**WORK INSTRUCTION:** Could you write out, exactly as they stand, only the lines in the listing below from the line with "Antique Chinese - Peking" to the line with "Navy background.", both ends included, without the pictures?
(EXERCISE DATA begins)
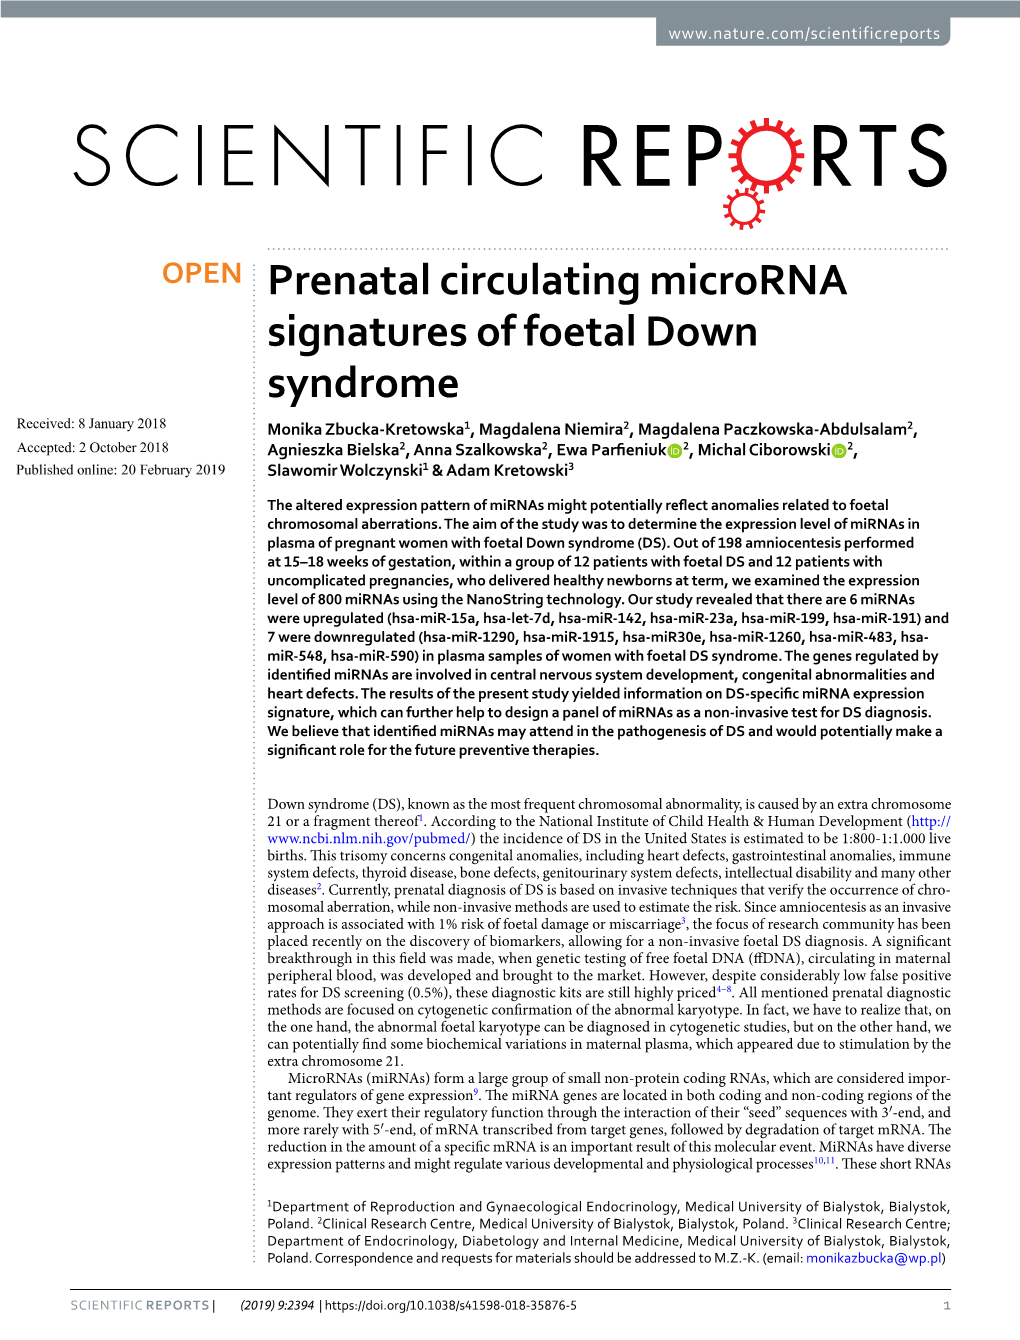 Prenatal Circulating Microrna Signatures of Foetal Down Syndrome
(EXERCISE DATA ends)
(EXERCISE DATA begins)
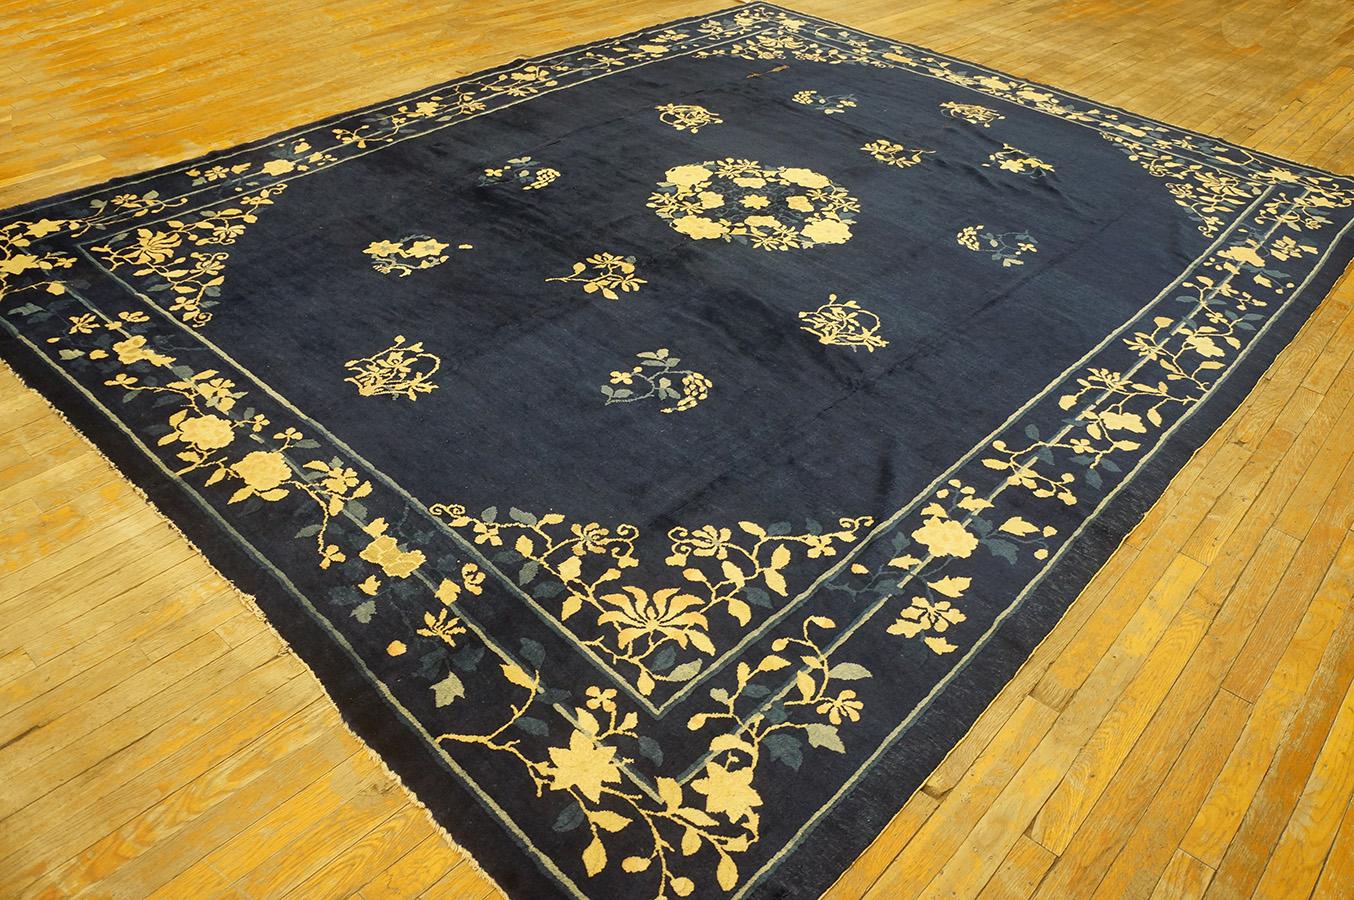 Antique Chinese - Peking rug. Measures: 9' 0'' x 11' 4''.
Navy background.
(EXERCISE DATA ends)
(EXERCISE DATA begins)
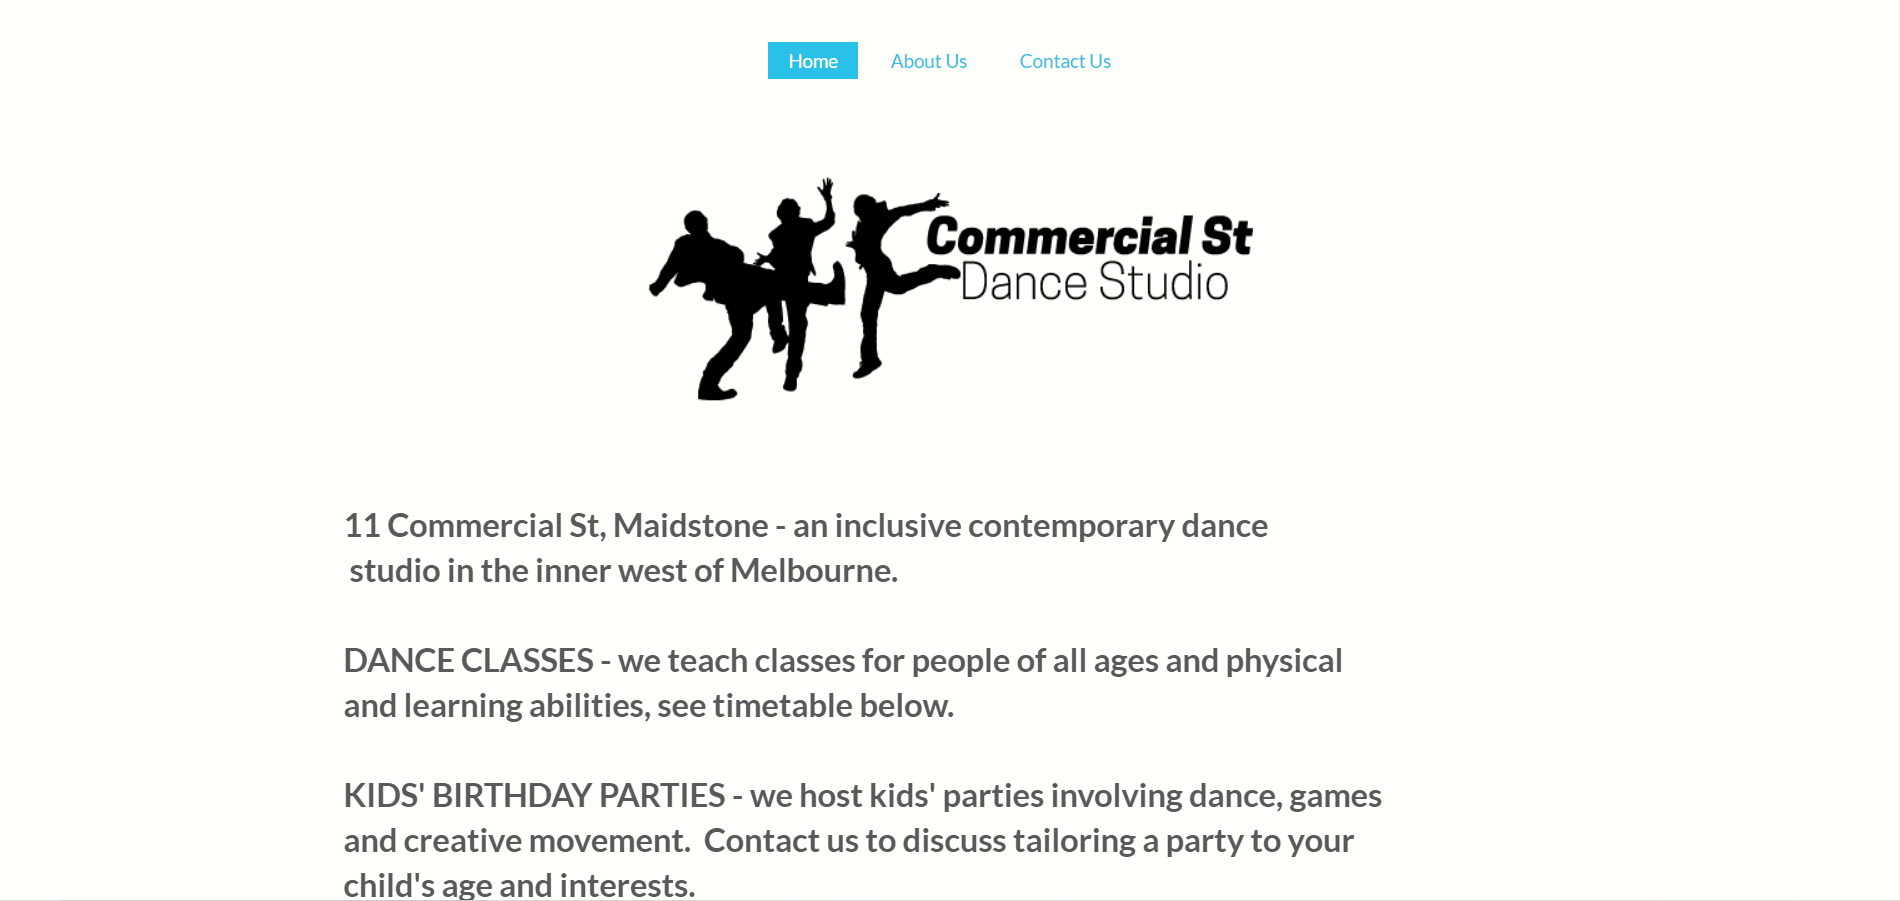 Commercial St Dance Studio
(EXERCISE DATA ends)
**ANSWER BOX:**
 Antique Chinese - Peking rug. Measures: 9' 0'' x 11' 4''.
Navy background.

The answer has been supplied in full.